▶ _Your objective_
Write out the listing below without alteration, omitting its pictures.

▶ _Exercise data_
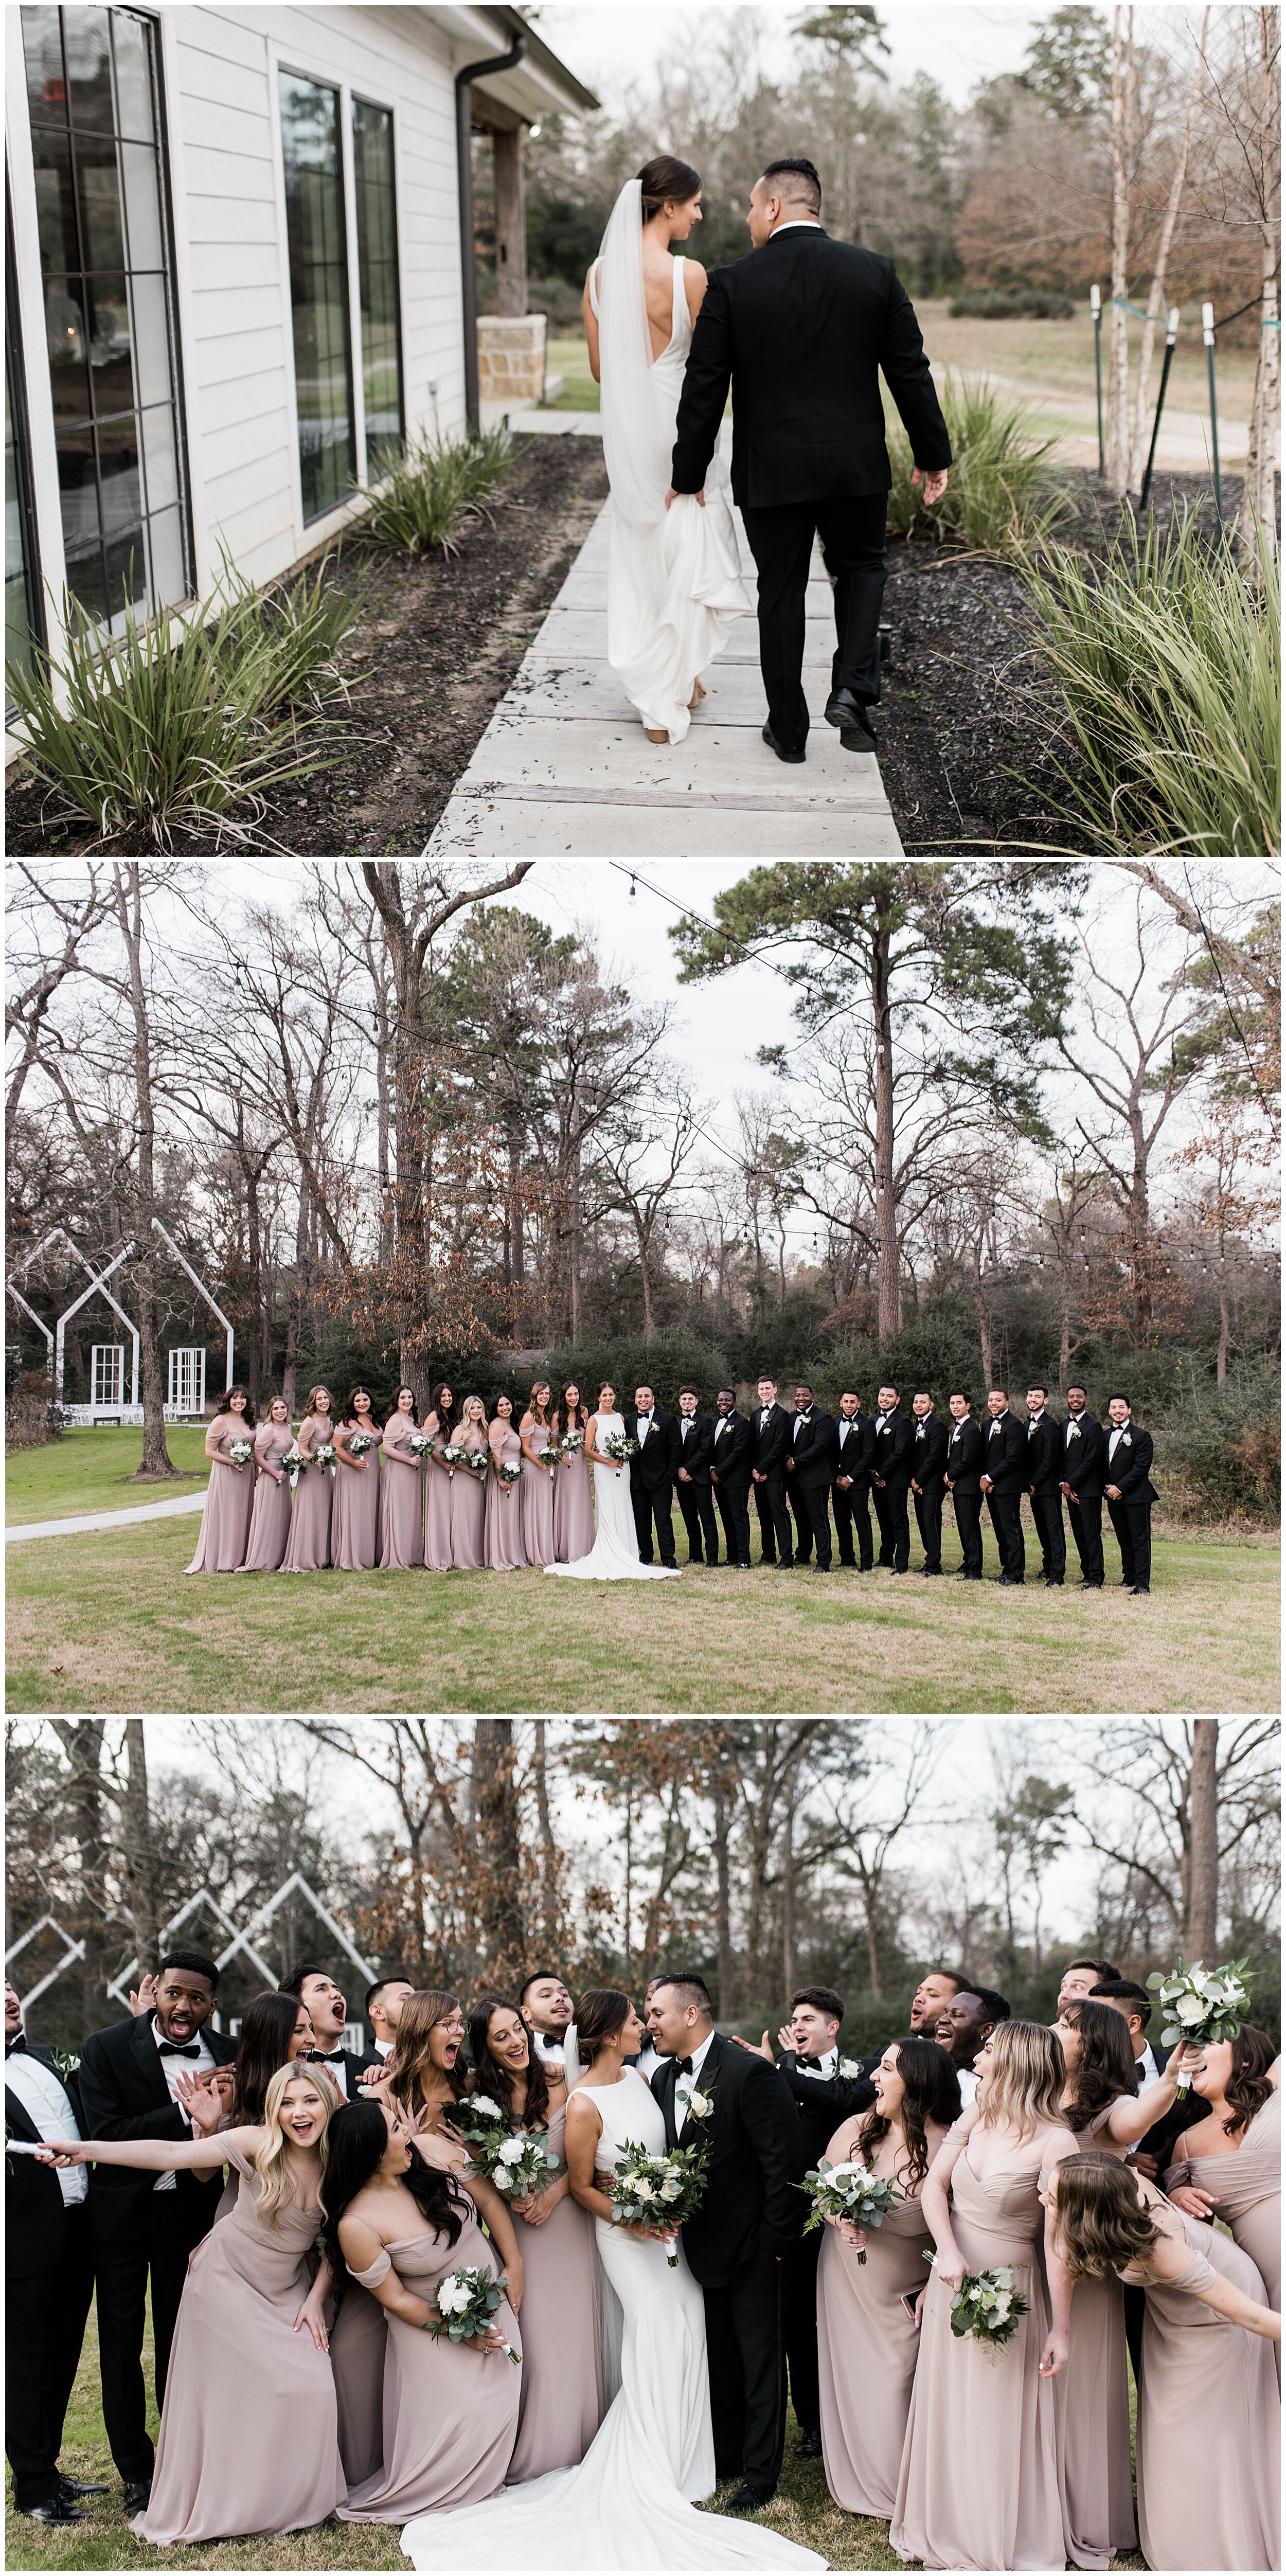  Classic wedding at the Meekermark | Fort Worth Wedding Photographer | Real Houston wedding | www.jordanmitchellphotography.com 
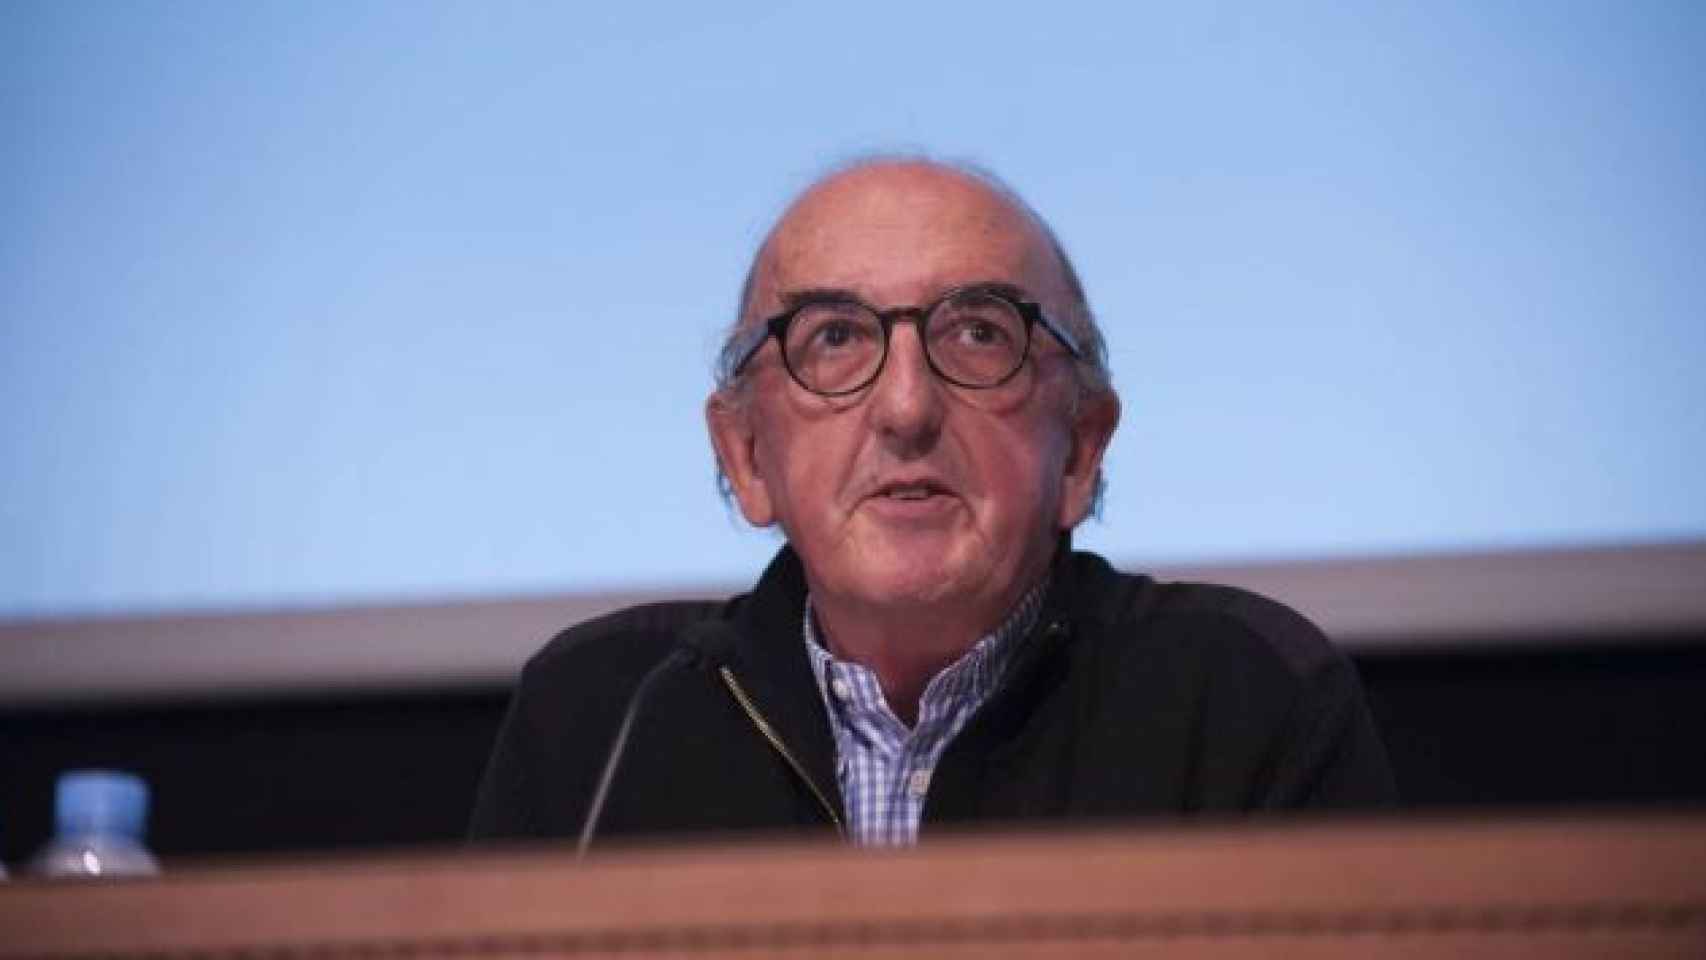 Jaume Roures, fundador de Mediapro.
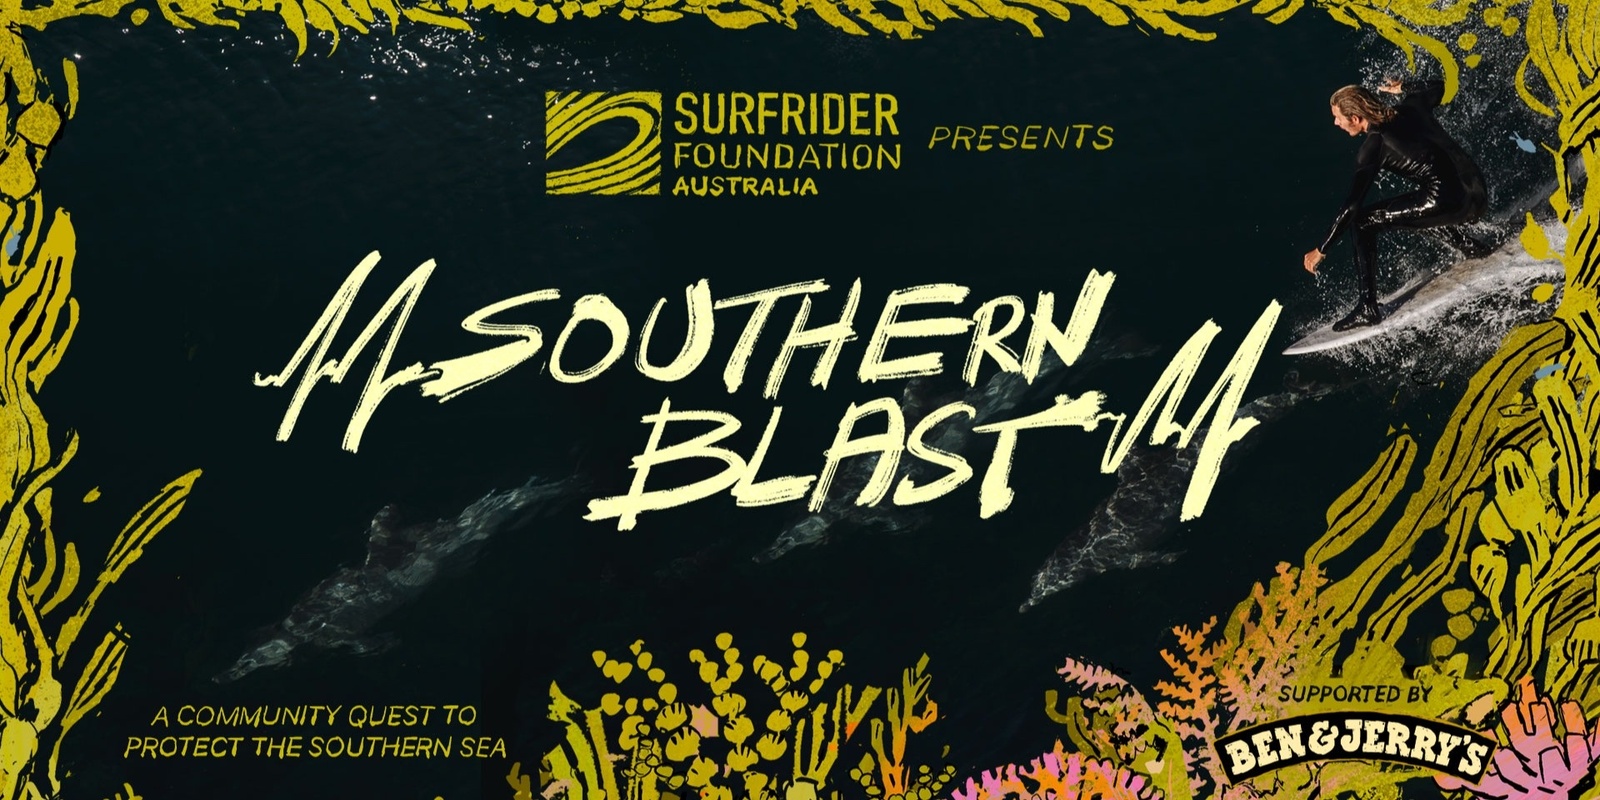 Surfrider Foundation Australia's banner
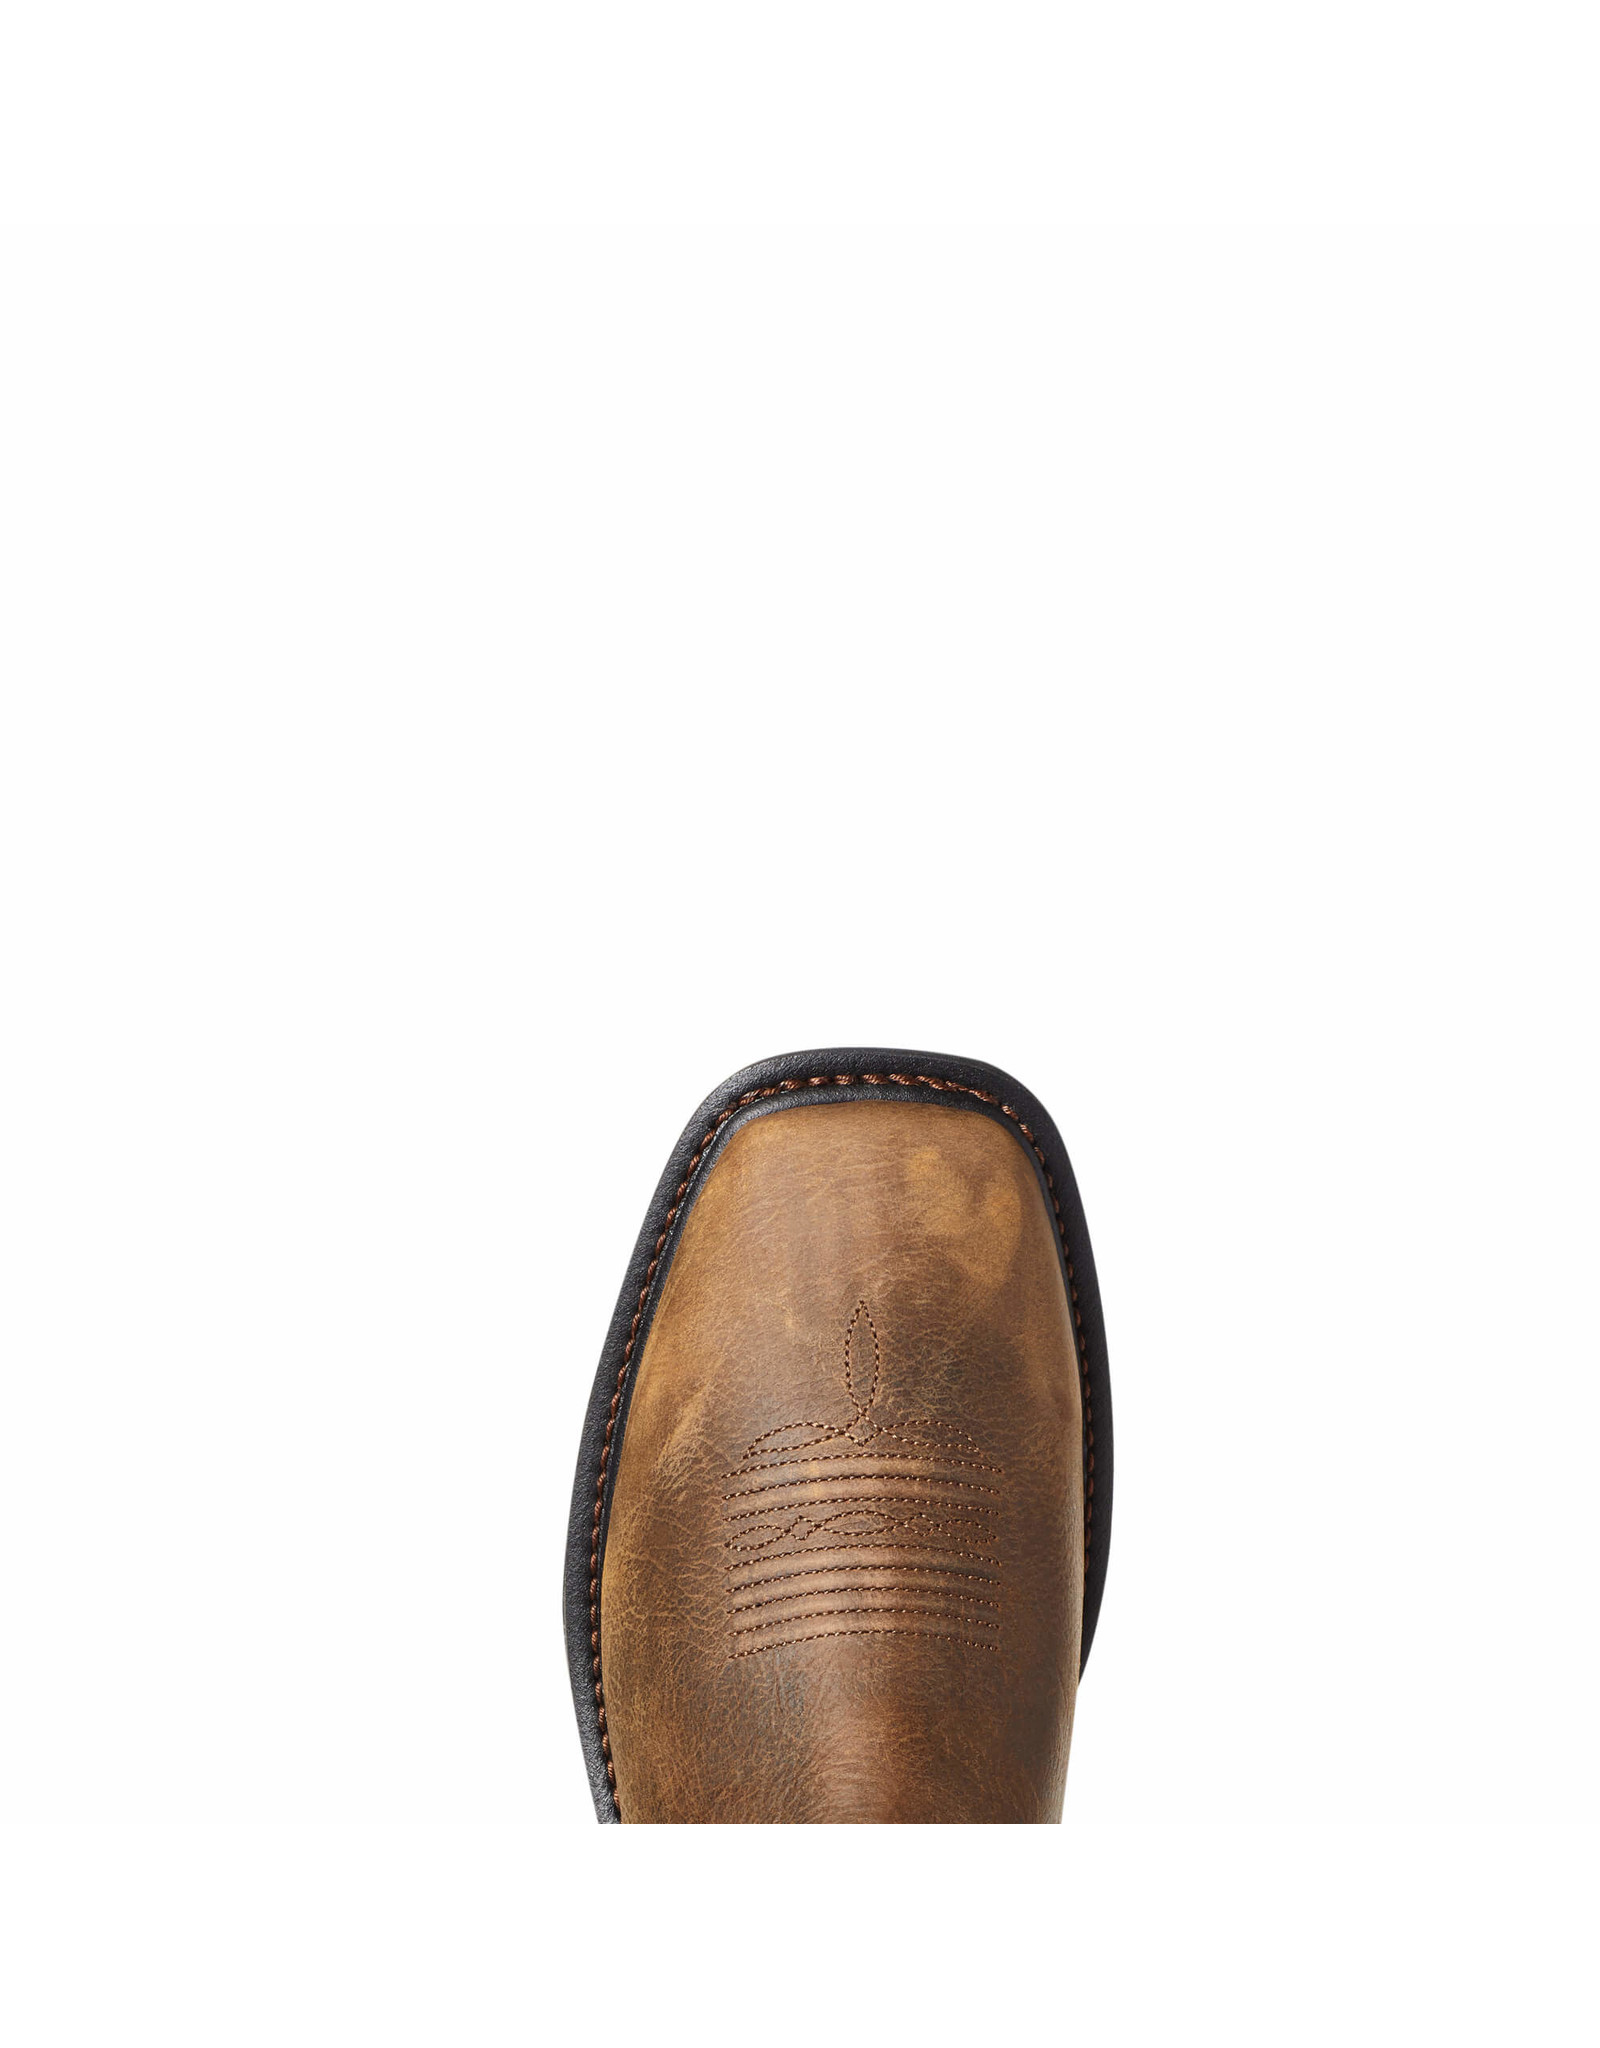 Ariat Men's Workhog XT VentTek H2O Rye Brown 10035984 Soft Toe Work Boots

▶ _Exercise answer_
  Classic wedding at the Meekermark | Fort Worth Wedding Photographer | Real Houston wedding | www.jordanmitchellphotography.com 
 Jaume Roures, fundador de Mediapro.
 Surfrider Foundation Australia's banner
 Ariat Men's Workhog XT VentTek H2O Rye Brown 10035984 Soft Toe Work Boots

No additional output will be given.